RealClimate.org: “The best estimate of the warming due to anthropogenic forcings (ANT) is the orange bar (noting the 1𝛔 uncertainties). Reading off the graph, it is 0.7±0.2ºC (5-95%) with the observed warming 0.65±0.06 (5-95%). The attribution then follows as having a mean of ~110%, with a 5-95% range of 80–130%. This easily justifies the IPCC claims of having a mean near 100%, and a very low likelihood of the attribution being less than 50% (p < 0.0001!).”
A(2) Modern warming, glacier and sea ice recession, sea level rise, drought and hurricane intensities…are all occurring at unprecedentedly high and rapid rates, and the effects are globally synchronous (not just regional)…and thus dangerous consequences to the global biosphere and human civilizations loom in the near future as a consequence of anthropogenic influences.
A(3) The climate models are reliable and accurate, and the scientific understanding of the effects of both natural forcing factors (solar activity, clouds, water vapor, etc.) and CO2 concentration changes on climate is “settled enough“, which means that “the time for debate has ended“.
A(4) The proposed solutions to mitigate the dangerous consequences described in N(4) – namely, wind and solar expansion – are safe, effective, and environmentally-friendly.

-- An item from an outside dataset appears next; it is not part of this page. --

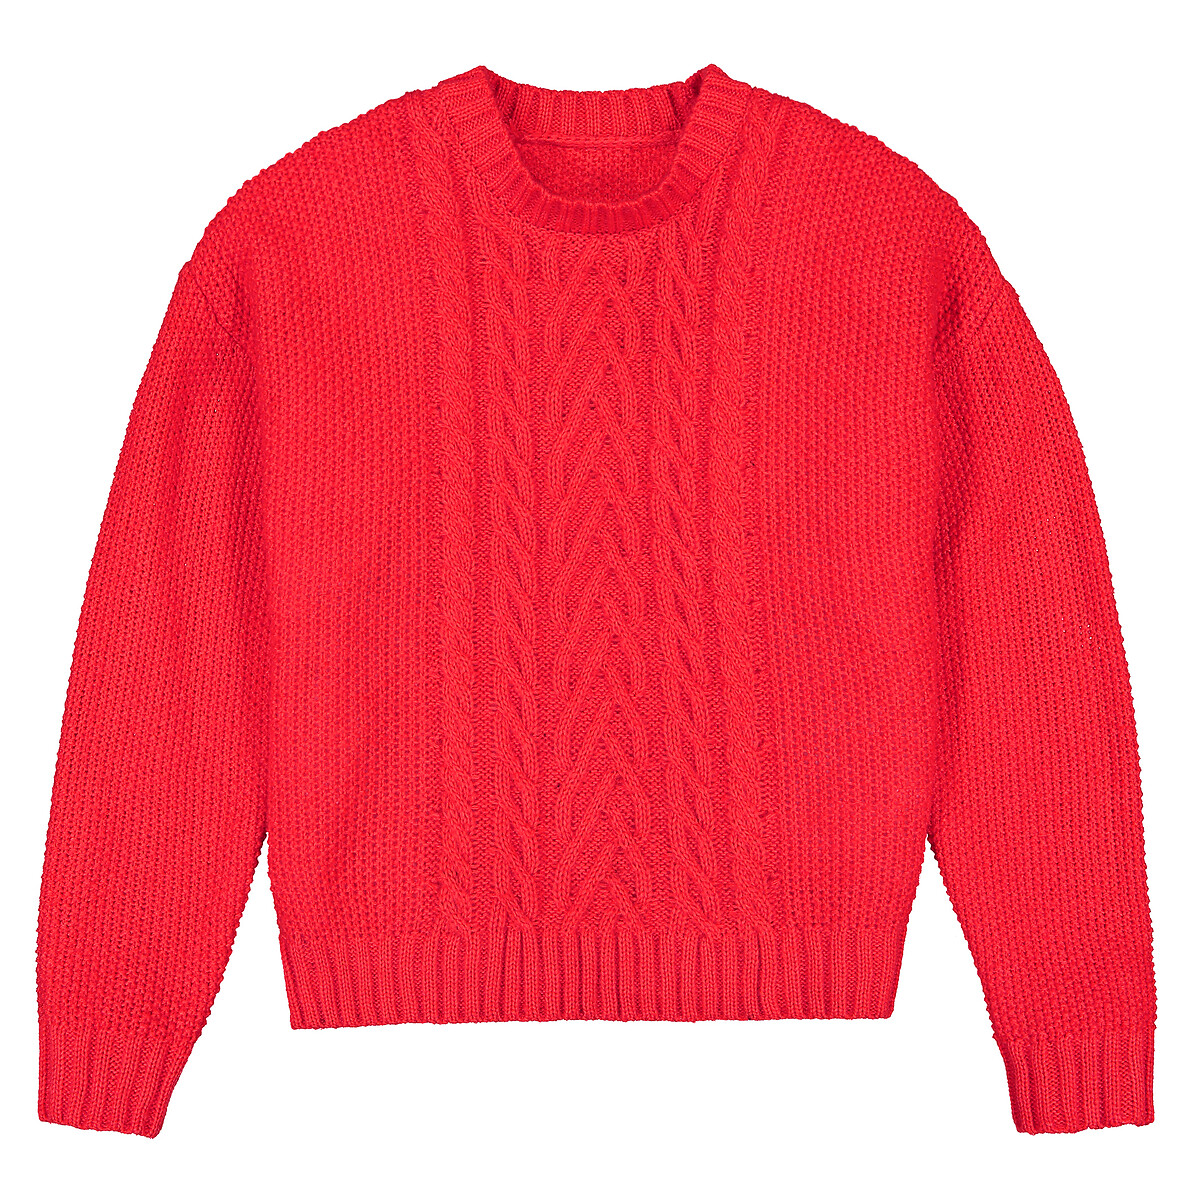 Пуловер LaRedoute С круглым вырезом из плотного трикотажа 10-18 лет 10 лет - 138 см красный, размер 10 лет - 138 см - фото 3

To reiterate, the 97 papers compiled in 2018 thus far support the N(1)-N(4) positions, and they undermine or at least do not support the “consensus” A(1)-A(4) positions. The papers do not do more than that. Expectations that these papers should do more than support skeptical positions and undermine “consensus” positions to “count” are deemed unreasonable in this context.
Below are the two links to the list of 97 papers amassed as of 26 February, 2018, as well as the guideline for the lists’ categorization. Also included are 24 sample papers included on the list, about 1/4th of the total.
(Parts 2 and 3 are on the same page).
Warming Since Mid/Late 20th Century? (17)
A Warmer Past: Non-Hockey Stick Reconstructions (9)
Lack Of Anthropogenic/CO2 Signal In Sea Level Rise (3)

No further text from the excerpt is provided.